We then divided the patients into four groups based on their responses to questions about opiod and cannabis: (1) patient who deny use of opioid and cannabis (reference group); (2) patients who report use of cannabis only; (3) patients who report use of opioid only; and (4) patients who report use of cannabis and opioid (Figure 1).

Figure 1.

Patient flow diagram.

Measures

Demographic variables include patients' gender, race/ethnicity, employment status, marital status, disability status, and healthcare utilization (number of office visits, emergency room visits, and number of nights spent in a hospital within six months prior to patients' visits).

The patient-reported outcomes measurement information system (PROMIS)

The PROMIS measures are well-validated and widely used to assess physical and psychosocial health status in patients with chronic illnesses, including chronic pain (43–46). Detailed information about the measure development and validation is available at http://www.healthmeasures.net. The PROMIS measures are scored on a T-score metric with a mean of 50 and a standard deviation of 10. The mean of 50 is calibrated to either the mean of a United States reference sample that matched the 2,000 General Census sample with respect to age, sex, race/ethnicity, and education or to a clinically relevant population (47, 48). PROMIS CAT instruments for pain interference, physical function, fatigue, sleep disturbance, depression, anxiety, social isolation, and satisfaction with roles and activities were administered. Higher scores on each PROMIS measure generally indicate greater severity of each symptom domain. However, higher scores on PROMIS physical function indicate better physical functioning, and higher scores on satisfaction with roles and activities indicate higher satisfaction with social roles.

Pain intensity

Pain intensity was assessed on a numerical rating scale (NRS) using a modified PROMIS Pain Intensity scale. Respondents were asked to rate their average pain intensity over the previous 7 days on a scale of 0–10.

Pain catastrophizing

The Pain Catastrophizing Scale (PCS) is a 13-item questionnaire that assesses distress regarding the cognition and emotion associated with actual or anticipated pain (49). The PCS comprises three different subscales: rumination, magnification, and helplessness. Patients rate the frequency of pain-related thoughts and feelings they have in response to actual or anticipated pain using a 5-point scale that ranges from 0 = not at all through 4 = all the time. may rate each item on a 5-point Likert Scale (0 = Not at all to 4 = All the time). The PCS has a minimum score of 0 and a maximum score of 52 with higher scores indicative of more catastrophic thinking.

Opioid and cannabis use

Opioid and cannabis use was self-reported by patients in their CHOIR surveys. CHOIR surveys directly ask if the patients are currently using opioids and cannabis. The patients who responded to both these questions were included in the study. CHOIR initial surveys always included questions about opioid use while cannabis use questions were added later in 2015.

Statistical analysis

We tested the hypotheses that:

Hypothesis 1. Patients with chronic pain who report use of opioids and/or cannabis (as compared to those not using opioids or cannabis) have worse scores for pain intensity, pain interference, pain behavior, physical function, sleep disturbance, depression, anxiety, fatigue, and social isolation.

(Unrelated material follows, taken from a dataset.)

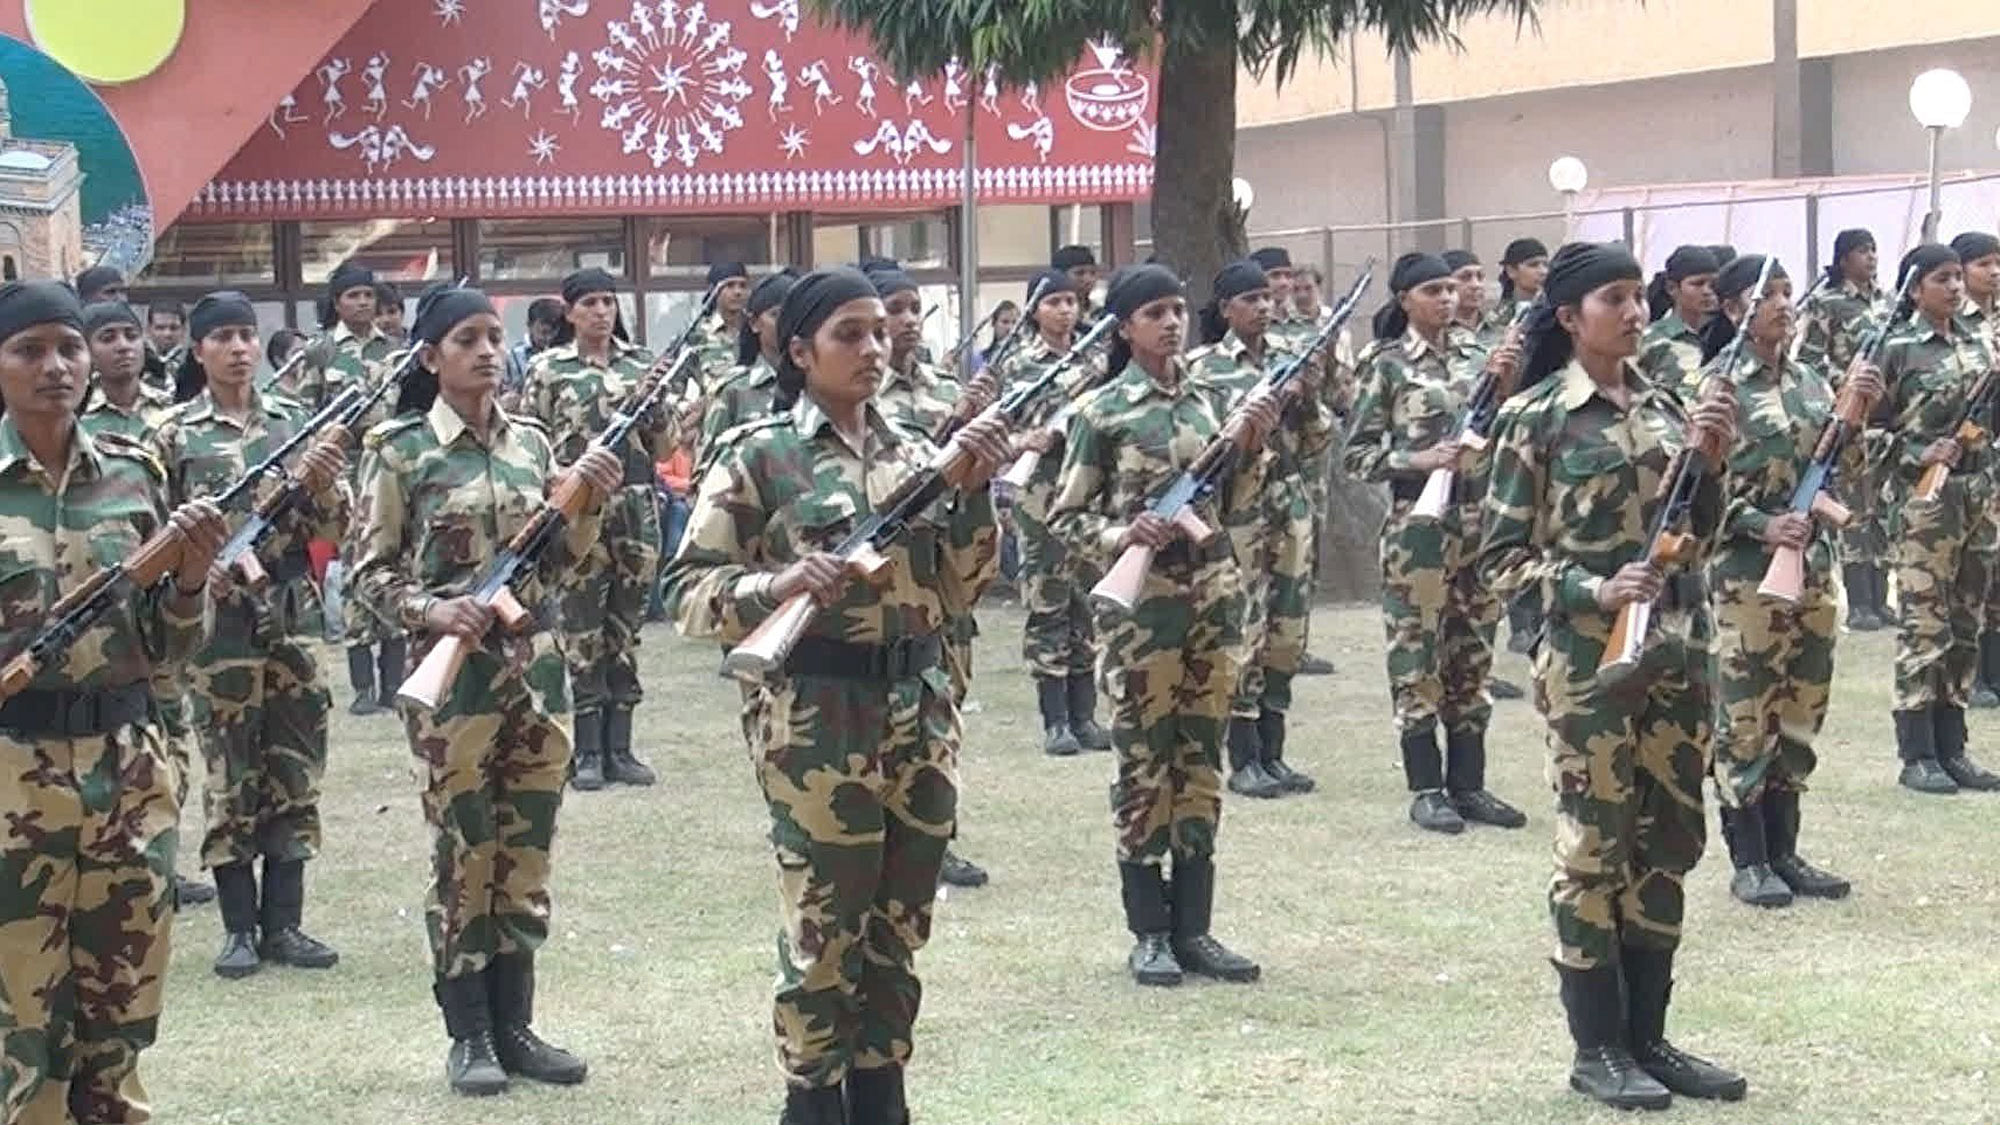 (Photo Courtesy: <a href="http://defencetalk.net/threads/anti-naxal-ops-first-women-commandos-team-deployed-in-jungles.3437/">defencetalk.net</a>)

The estimations were by multinomial logistic regression with generalized logit link for categorical variables and by generalized linear model for continuous variables with Bonferroni correction.

Hypothesis 2. Patients with chronic pain who report use of opioids and/or cannabis have higher healthcare utilization, as compared to those not using opioids or cannabis.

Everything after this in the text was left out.